Op weg naar huis besefte een deel van haar dat ze de juiste beslissing had genomen, ook al lag haar hart aan diggelen, ook al voelde ze pijn op plaatsen waar ze het nooit had vermoed, ook al stroomden haar tranen onafgebroken. Ze had het best mogelijke standpunt ingenomen. Hoe zou zij Eduardo gelukkig kunnen maken als ze zelf ergens halverwege de weg kwijt was geraakt, als ze zich niet zichzelf voelde, als ze ongelukkig was. Toen ze haar voordeur opendeed, kwam Matias haar begroeten alsof hij de gemoedstoestand van zijn baasje had aangevoeld. Hij streek langs haar benen, eiste aandacht en wilde op haar schoot zitten. Niets is beter om je humeur te verbeteren dan de onvoorwaardelijke liefde van iemand die alleen het beste met je voorheeft.

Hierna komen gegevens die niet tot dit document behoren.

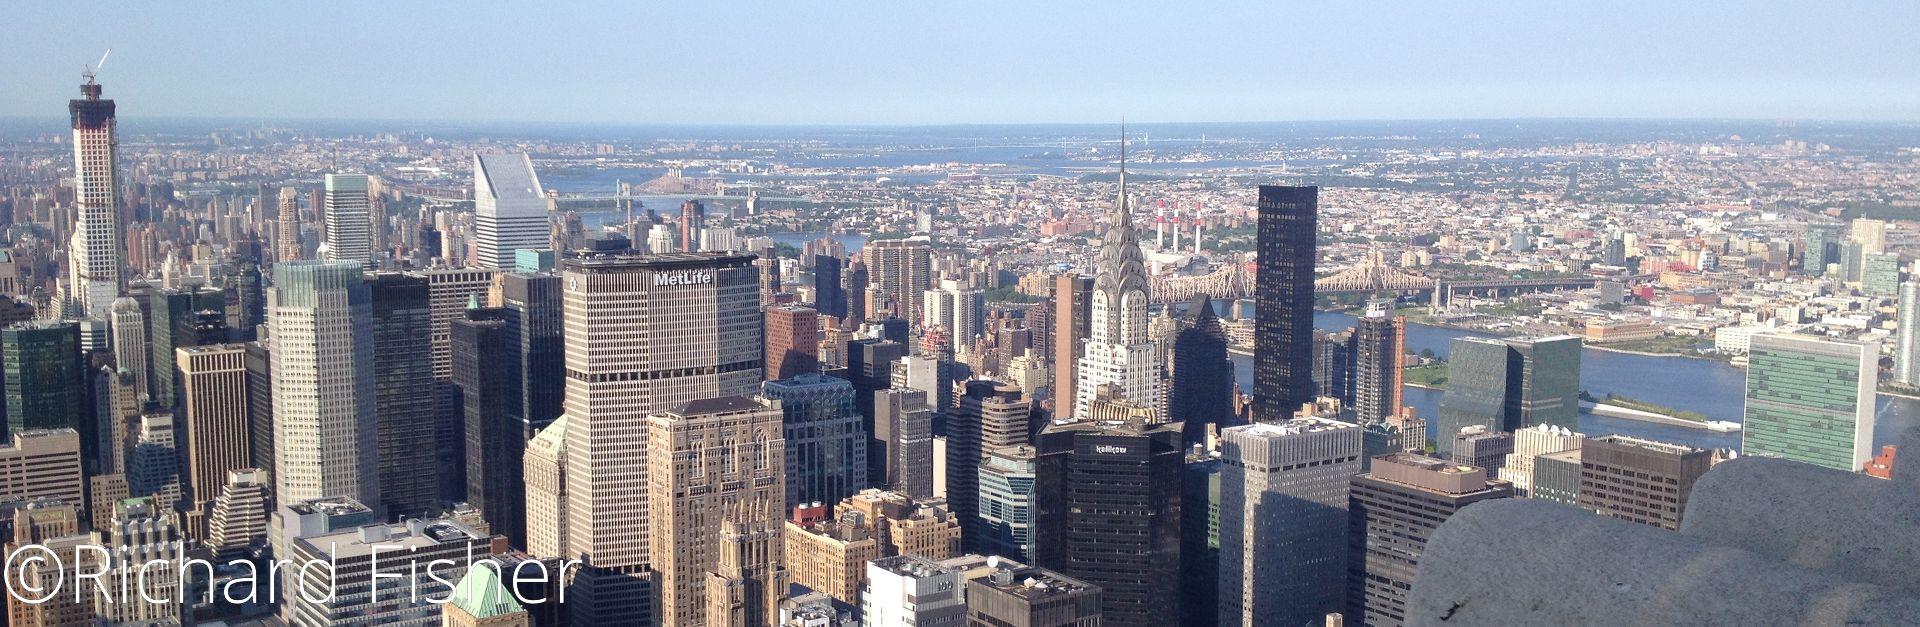 New York, travelling light.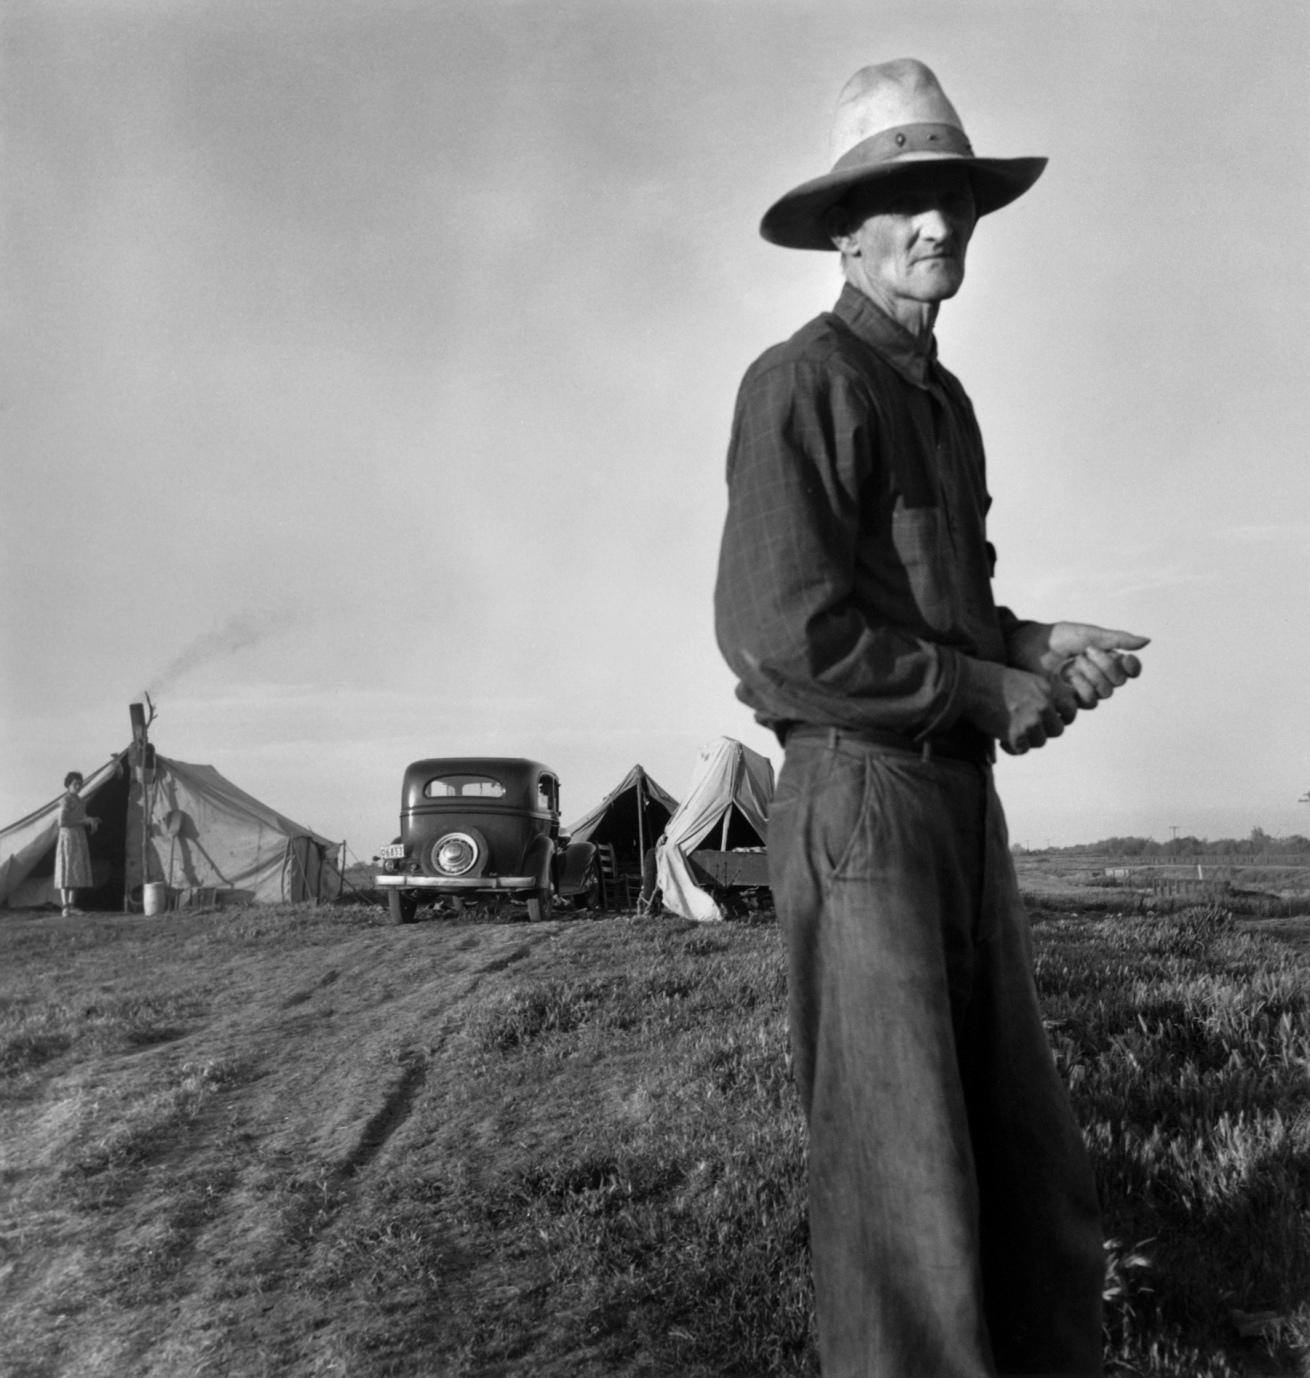 Fotó: Dorothea Lange: Aszálykárosult, c. 1935 © The Dorothea Lange Collection, the Oakland Museum of California

De tijd verstreek op zijn eigen onveranderlijke manier, onvermurwbaar en wachtend op niemand. Dagen gingen over in nachten en de nacht bracht vredige slaap, waarin de angst wegvloeide door de mazen van de tijd zoals zand door een zandloper. Ze begon kleine veranderingen op te merken, kleine verschuivingen niet alleen in zichzelf, maar vooral in hoe ze zich in haar vel voelde zitten. De nachtmerries trokken zich terug naar een deel van haar brein waar de vergetelheid heer en meester was. Het gewicht en het duister van de angst spreidden hun vleugels en vlogen naar een plek ver weg. Ze werd eindelijk weer wakker met een lach op haar gezicht, blij met de kleinste dingen waar ze lang geen aandacht voor had gehad. Carlota stond vroeger bekend om haar zonnige glimlach, om de vreugde die uit haar poriën straalde. De laatste tijd was die Carlota verborgen geweest, opgesloten in een klein doosje, maar gelukkig had ze de sleutel gevonden en haar bevrijd. Ze haalde weer vreugde uit een zonsondergang, ze danste weer met zichzelf, ze voelde zich weer mooi en compleet. Ze had geluk gevonden in nieuwe activiteiten en rondzwerven zonder doel of bestemming. Ze had haar stem teruggevonden, had geleerd te houden van de verschillende nuances van haar wezen. Ze had geleerd dat verlies soms tot een overwinning kan leiden en dat ze door Eduardo te verliezen zichzelf had teruggekregen, had hervonden. Ze begreep nu dat wat zij wilde belangrijk was en niet wat de maatschappij belangrijk vond. Het belangrijkste was zijzelf en dat zou ze altijd blijven.